No ha sido así, sin embargo. El orador, tras brindar la cifra, se limitó a argumentar con indiferencia que ello “está influenciado por la negativa dinámica demográfica que afrontamos, el efecto de una política restrictiva de crecimiento desde el año 2004 y las insuficiencias propias en el trabajo de captación, retención y motivación del potencial de militantes”.

¡Colorido eufemismo el de esta última frase! Bonita forma de referirse a la renuencia a incorporarse a sus filas, o a mantenerse en ellas, de quienes se supone que sean los partidarios más fervientes del régimen. ¿No habrá influido en esa repulsa el hecho de que ni siquiera todos los militantes pudieron elegir libremente a quienes los representan en su congreso? Ese es un privilegio que sólo correspondió a los secretarios de núcleos, quienes, para colmo, tuvieron que votar a mano alzada…

Y es a ese movimiento político apagado y disminuido al que su actual Primer Secretario, en uno de los pasajes más importantes de su Informe Central, propone mantener como único partido, a lo cual agrega la frase: “y a mucha honra”. Es de esa forma que el dirigente desafía las demandas que “desde casi todas partes del planeta” (según confesión propia) se dirigen al régimen para que abandone esa política de unipartidismo a ultranza.

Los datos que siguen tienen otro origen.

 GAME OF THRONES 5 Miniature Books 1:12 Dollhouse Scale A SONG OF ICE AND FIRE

El inmovilismo del orador llegó al extremo de plantear, en un pasaje improvisado de su alocución que no aparece reflejado en la versión escrita del Granma, que el artículo correspondiente de la Constitución mantuviese incluso el mismo número 5 que ahora tiene.

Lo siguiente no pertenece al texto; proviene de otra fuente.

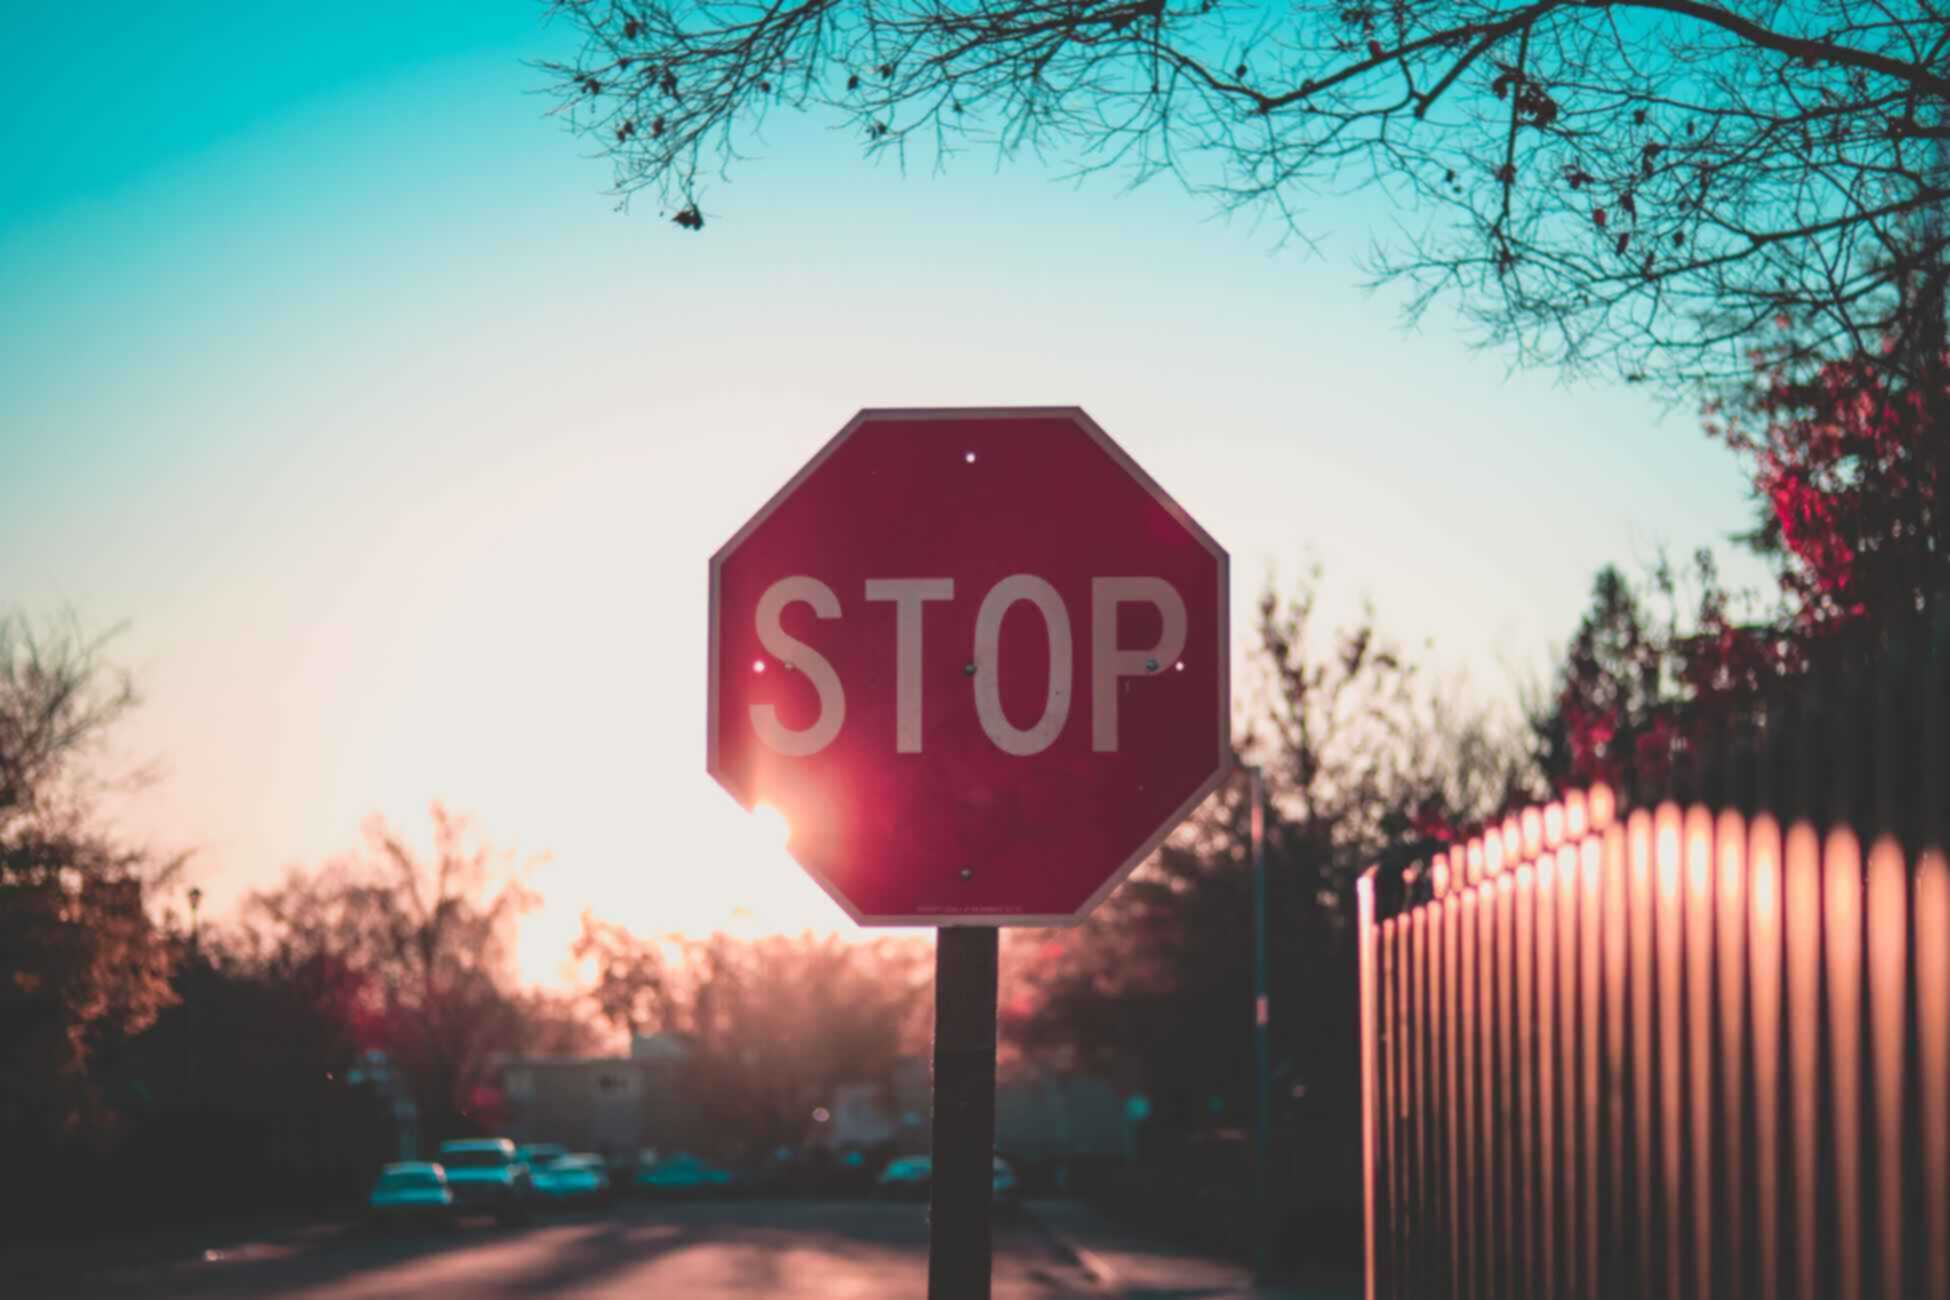 A stop sign on a street

Esa peculiar respuesta se antoja aún más contraproducente si tenemos en cuenta que la alternativa del castrismo no era modificar el precepto para sustituirlo –digamos– por las palabras de la carta magna democrática de 1940: “Es libre la formación de partidos y organizaciones políticas”.

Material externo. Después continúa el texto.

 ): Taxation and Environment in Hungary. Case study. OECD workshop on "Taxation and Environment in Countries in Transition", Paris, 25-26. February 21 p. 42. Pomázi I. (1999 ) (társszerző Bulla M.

Por ahora, habría bastado con no aludir a esa cuestión y, llegado el momento de reformar la Constitución, hubiera resultado suficiente la derogación de ese precepto. Esto no habría implicado el cese automático del unipartidismo actual, pero hubiera representado una pequeña mueca, un guiñito dirigido a aquellos que, en el extranjero, ansían que el régimen haga algún cambio, siquiera diminuto, que justifique sus nuevas políticas conciliadoras hacia el castrismo.

Con este portazo en la cara que han recibido, habrá que ver cómo reaccionarán. ¿Se declararán frustrados? Parece poco probable. Corresponde al pueblo cubano (incluyendo a los militantes descontentos del único partido legal) realizar los cambios que el país necesita. Sin confiar en dudosos apoyos extranjeros.